Hydroxy-Containing Covalent Organic Framework Combined with Nickel Ferrite as a Platform for the Recognition and Capture of Bisphenols

A hydroxy-containing covalent organic framework (COF) was successfully obtained via a simple nitrogen-purge synthetic procedure for the first time. The COF favored a serrated AA-stacking arrangement, which enhanced the stability compared with common AA or AB arrangements. To validate the potential of the COF in environmental applications, we decorated the COF onto NiFe2O4 and used the NiFe2O4@COF nanocomposite for magnetic solid-phase extraction of trace bisphenols (BPs). The parameters affecting extraction efficiencies were systematically optimized. Under the optimum extraction conditions, calibration plots showed good linearity (5.0–1.0 × 103 ng mL–1) for six BPs, and limits of detection varied from 0.14 to 0.73 ng mL–1. Molecular polarity indexes and molecular dynamics simulations revealed why the COF could efficiently recognize and capture BPs. An adsorption mechanism related to the interaction between BP clusters and the COF was discovered. Ecotoxicological assessment of BPs further unraveled the significance of the developed method for the timely tracking of the concentration, distribution, and migration of BPs in environmental media.

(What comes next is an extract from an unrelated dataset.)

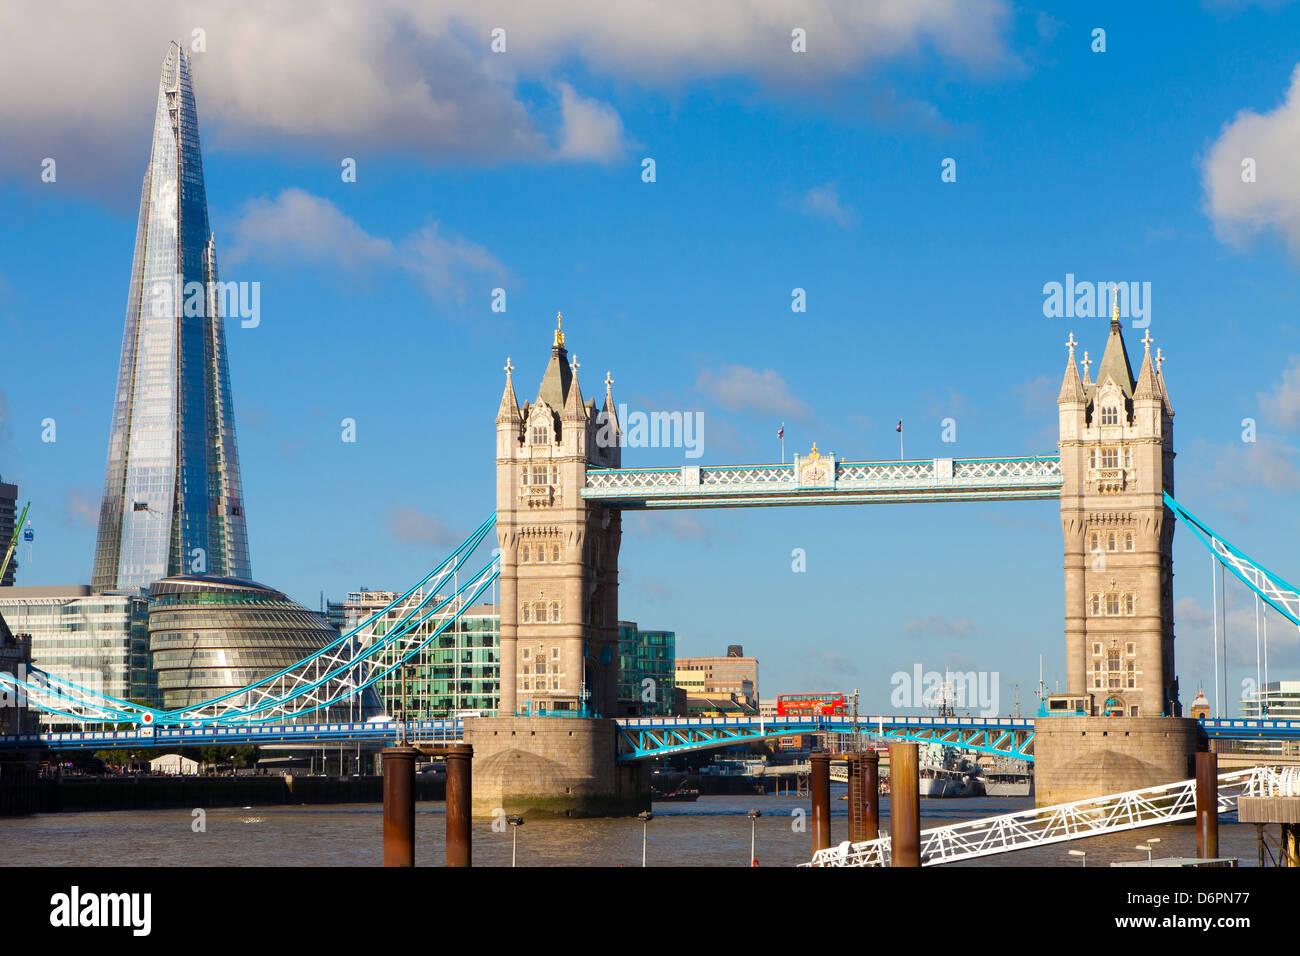 The Shard and Tower Bridge at night, London, England, United Kingdom, Europe - Stock Image

首次通过一种简便的氮气净化合成方法成功制备了一种含羟基的共价有机框架（COF）。该COF倾向于采用锯齿状的AA堆叠排列，与常见的AA或AB排列相比，这种排列增强了其稳定性。为了验证COF在环境应用中的潜力，我们将其装饰在NiFe2O4表面，并利用NiFe2O4@COF纳米复合材料进行磁固相萃取微量双酚（BPs）。系统地优化了影响萃取效率的参数。在最佳萃取条件下，校准曲线显示了六种BPs的良好线性关系（5.0–1.0 × 103 ng mL–1），检测限介于0.14至0.73 ng mL–1之间。分子极性指数和分子动力学模拟揭示了COF能够高效识别和捕获BPs的原因。一种与双酚（BP）簇与COF之间相互作用的吸附机制被发现。双酚的生态毒性评估进一步揭示了所开发方法对于及时追踪环境介质中BPs的浓度、分布和迁移的重要性。